Like most government initiatives, food regulation is pursued with the best of intentions.  Who guarantees the safety of food? How does the consumer know what is in his food?  If the government does not interfere how can we avoid getting suckered by greedy agricultural corporations?  These concerns are not trivial, but the government solution, too often the first and final, is ineffective and inefficient.  When a government agency is granted regulatory powers, it displaces any existing authority and essentially prevents independent product testing agencies from operating. These agencies, in the absence of government ones, would be the mechanism to deliver detailed and relevant information to consumers about the food products they buy. Similar to Good Housekeeping or Consumer Reports, such organizations would be trusted names with incentives to preserve their objectivity.  Given the levels of corruption in government agencies regulating multi-billion dollar industries, the quality of information and oversight would likely be higher.

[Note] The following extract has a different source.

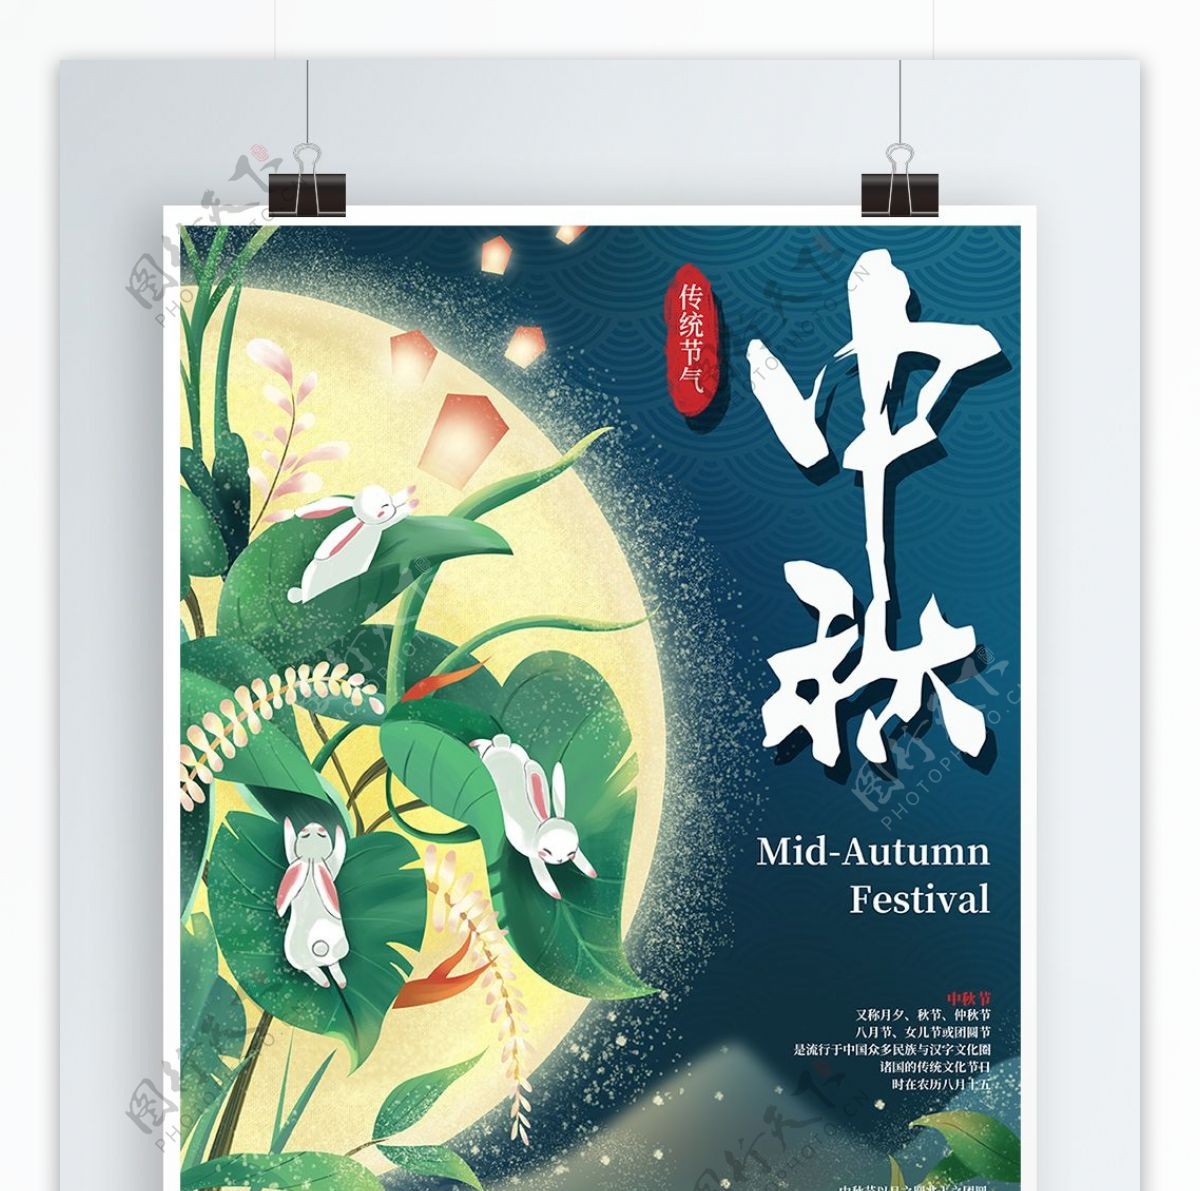 原创手绘中秋节节日宣传海报

The power of government agencies to withhold products from market gives bouts of paranoia serious repercussions. During the sporadic mad cow scares beef from “infected” countries was banned, even when there was little to no risk it carried the disease. This overreaction impacted businesses geared toward the meat industry, an unfortunate and unnecessary side-effect.  Government regulations are not foolproof, as the 2007 Peter Pan Peanut Butter fiasco demonstrated.  Despite being tested by the agency, batches of salmonella-infected peanut butter slipped through. Mistakes would still be made without the government directly overseeing food safety testing, but such a system would probably be no worse than our current one, and the advantages of a freer food industry make deregulation very attractive.

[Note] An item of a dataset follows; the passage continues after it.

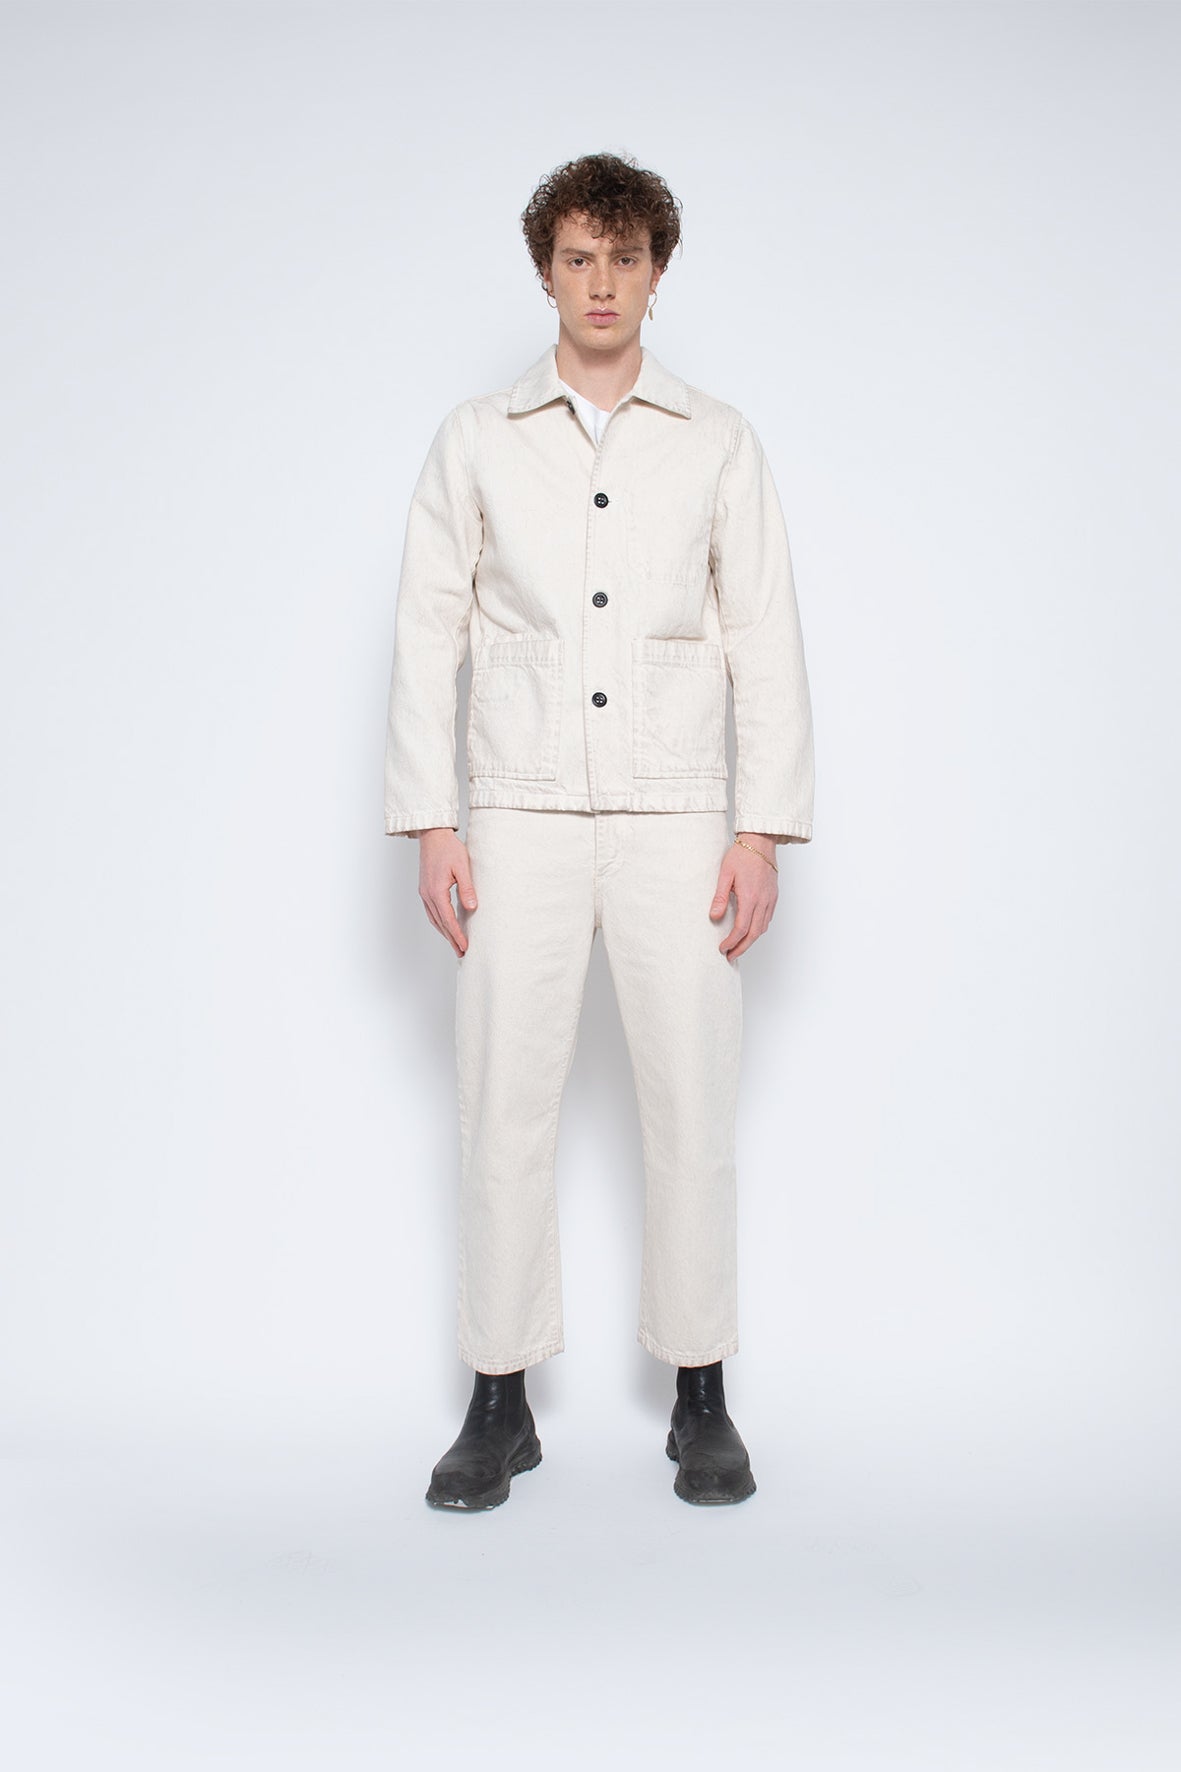 Denali shirt jacket unisex - responsible fabric

Perhaps the most significant advantage would be the reduction of food prices concomitant with deregulation.  As it is now, thousands of dollars are funneled into jumping through regulatory hoops set up by the FDA.  Ultimately, this cost is passed onto the consumer, who must spend more for food than free-market price. Government regulations artificially inflate the price of food, both by mandating compliance to manufacturers and by pricing out cheaper, riskier food alternatives.  The government’s place is not to make dietary decisions for its citizens, and it is inexcusable that the government makes buying food harder for its citizens.  If we care about the quality, safety, or availability of food we must deregulate.